A study published in the December issue of Plastic and Reconstructive Surgery, the official medical journal of the American Society of Plastic Surgeons, says that 10 percent of women who undergo mastectomy and immediate breast reconstruction depend on opioid pain relievers months after surgery.
Opioids are a class of pain relievers that include oxycontin, hydrocodone, codeine, fentanyl and morphine.
The research, performed by the University of Michigan, Ann Arbor, analyzed health information collected from 4,113 women who experienced a mastectomy and immediate breast reconstruction between 2010 and 2014.
According to the American Society of Plastic Surgeons, breast reconstruction is the most common type of cancer reconstruction procedure in the U.S., with 109,000 procedures performed in 2016.
"Many women choose the breast reconstruction procedure after mastectomy because they want to feel 'whole' after losing one or both breasts," said Dr.
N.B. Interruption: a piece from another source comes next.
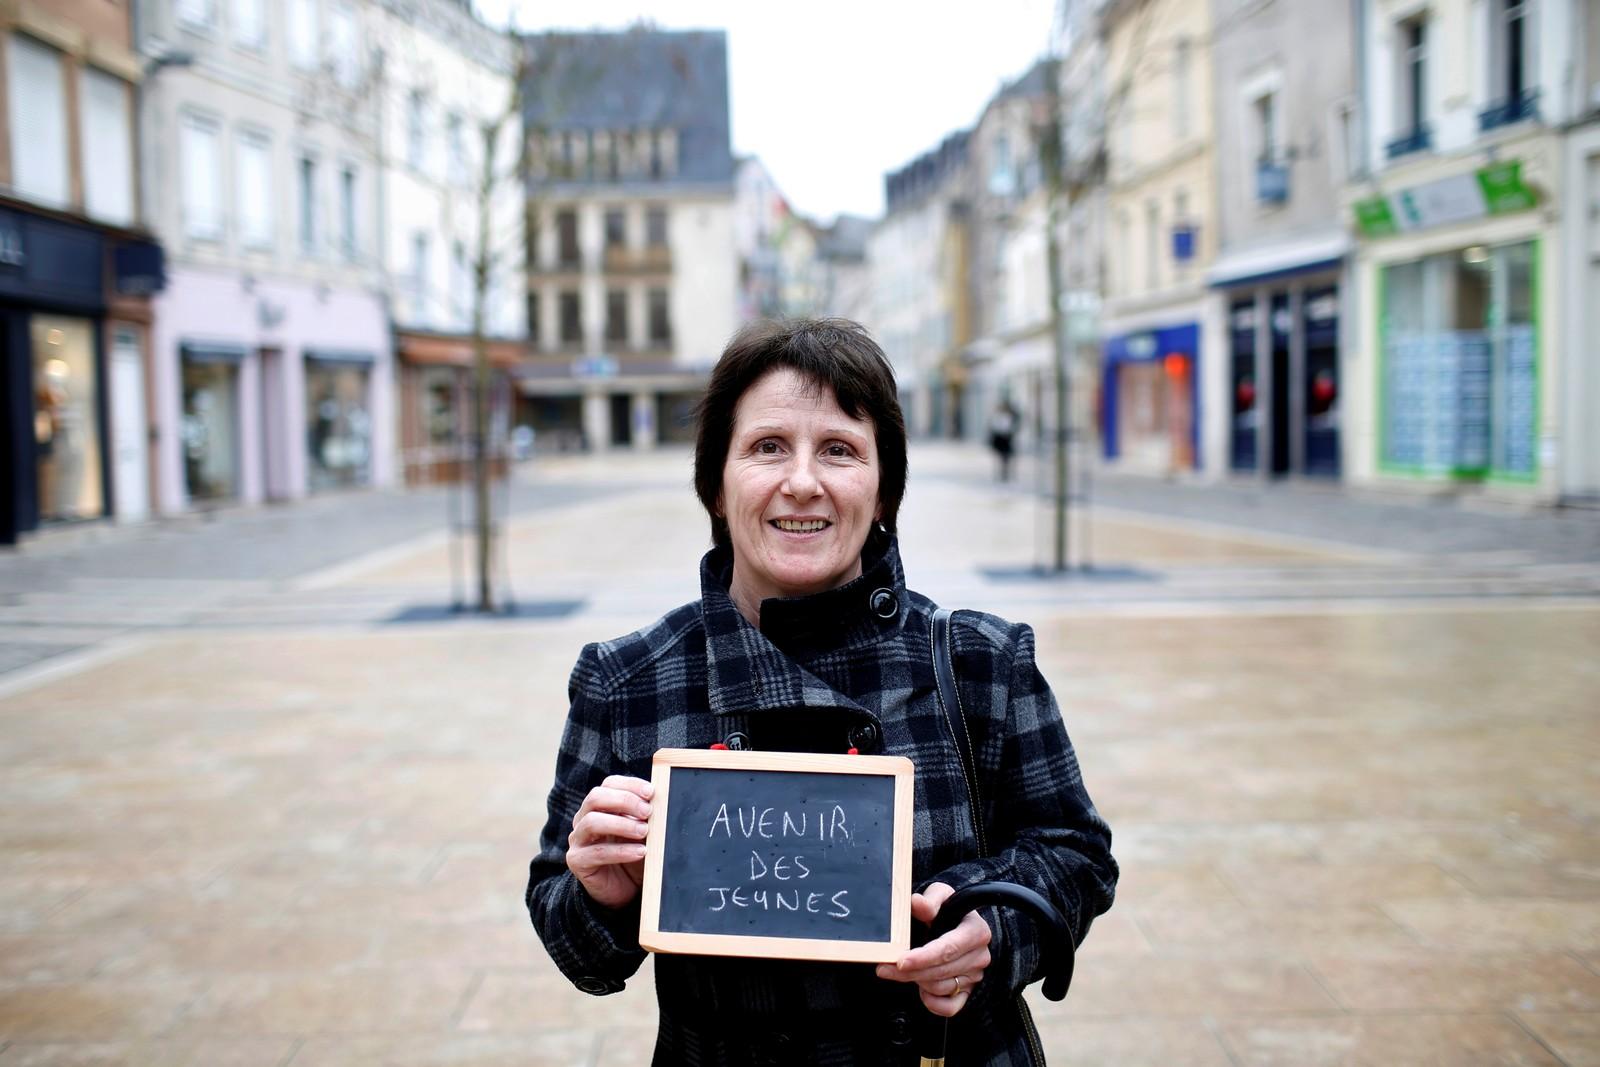 """Sykepleieren Patricia Breard (53) har skrevet """"de unges fremtid"""" på tavlen. Politikeren som overbeviser henne på dette punktet får hennes stemme."""

Mona Alqulali, F.A.C.O.G., Ph.D.
During the breast reconstruction procedure, a plastic surgeon replaces the breast tissue removed during a mastectomy or lumpectomy with a saline or silicone breast implant or tissue from another body area such as the abdomen or back of the thigh.
Some reconstruction procedures combine both artificial implants and patient tissue.
Identifying At-Risk Groups
Researchers deemed the women who participated in the study as "opioid-naive" with prescriptions for opioids in the year before their surgeries.
Pharmacy records of the participants showed that 90 percent of the women filled their opioid pain reliever prescriptions after their breast reconstruction procedures.
The findings regarding the opioid prescriptions were similar to other studies that reported on high rates of opioid use after less serious surgical procedures.
Three months post-op, 10 percent of the women in the study continued to fill their opioid prescriptions.
Women who experienced complications from their surgical procedure such as infection filled their prescriptions more readily than their counterparts without complications.
Continued opioid use was less likely for participants who were undergoing chemotherapy or those who opted for natural breast augmentation using autologous tissue compared to women who chose artificial implant reconstruction.
Women with depression and anxiety also used opioids at higher rates, as did women who experienced bilateral reconstruction or reconstruction of both breasts.
Women between 55 and 64 used opioids at lower doses than younger demographics.
"Using pain relievers is a common way to manage pain after surgery, but if the use of opioids continues for months after the procedure, patients should talk to their physicians to find different ways to manage pain," Alqulali said.
The recovery from breast reconstruction is similar to the recovery for other breast surgery procedures, such as breast augmentation and the breast lift.
"Typically there is bruising and swelling for two to three weeks after surgery, and patients should expect to wear a compression garment after surgery to reduce fluid retention," Alqulali said.
Many individuals can return to regular activity six to eight weeks after their procedures and can resume strenuous activity or exercise after being cleared by their physician.
The Impact of Opioids
The primary concern regarding the prolonged use of opioids after surgery is dependence.
Other effects of long-term use include digestive problems such as nausea, vomiting and constipation; abdominal distention; respiratory depression; liver damage; and brain damage.
Prolonged opioid use also makes individuals more tolerant of the drugs.
"If a patient becomes tolerant to a pain reliever, the pain reliever will not work if they need it after another surgery," said Alqulali.
Although these drugs are legal when prescribed by a physician, opioid abuse and addiction is an increasing problem in the U.S.
According to the American Society of Addiction Medicine, there were 20,101 overdose deaths related to prescription opioid pain relievers.
The study hopes to make both plastic surgeons and patients aware of risk factors and complications about prolonged opioid use.
American Society of Plastic Surgeons. Ten Percent Rate of Prolonged Opioid Use After Breast Reconstruction. 28 November 2017.
American Society of Addiction Medicine. Opioid Addiction Disease 2016 Facts and Figures.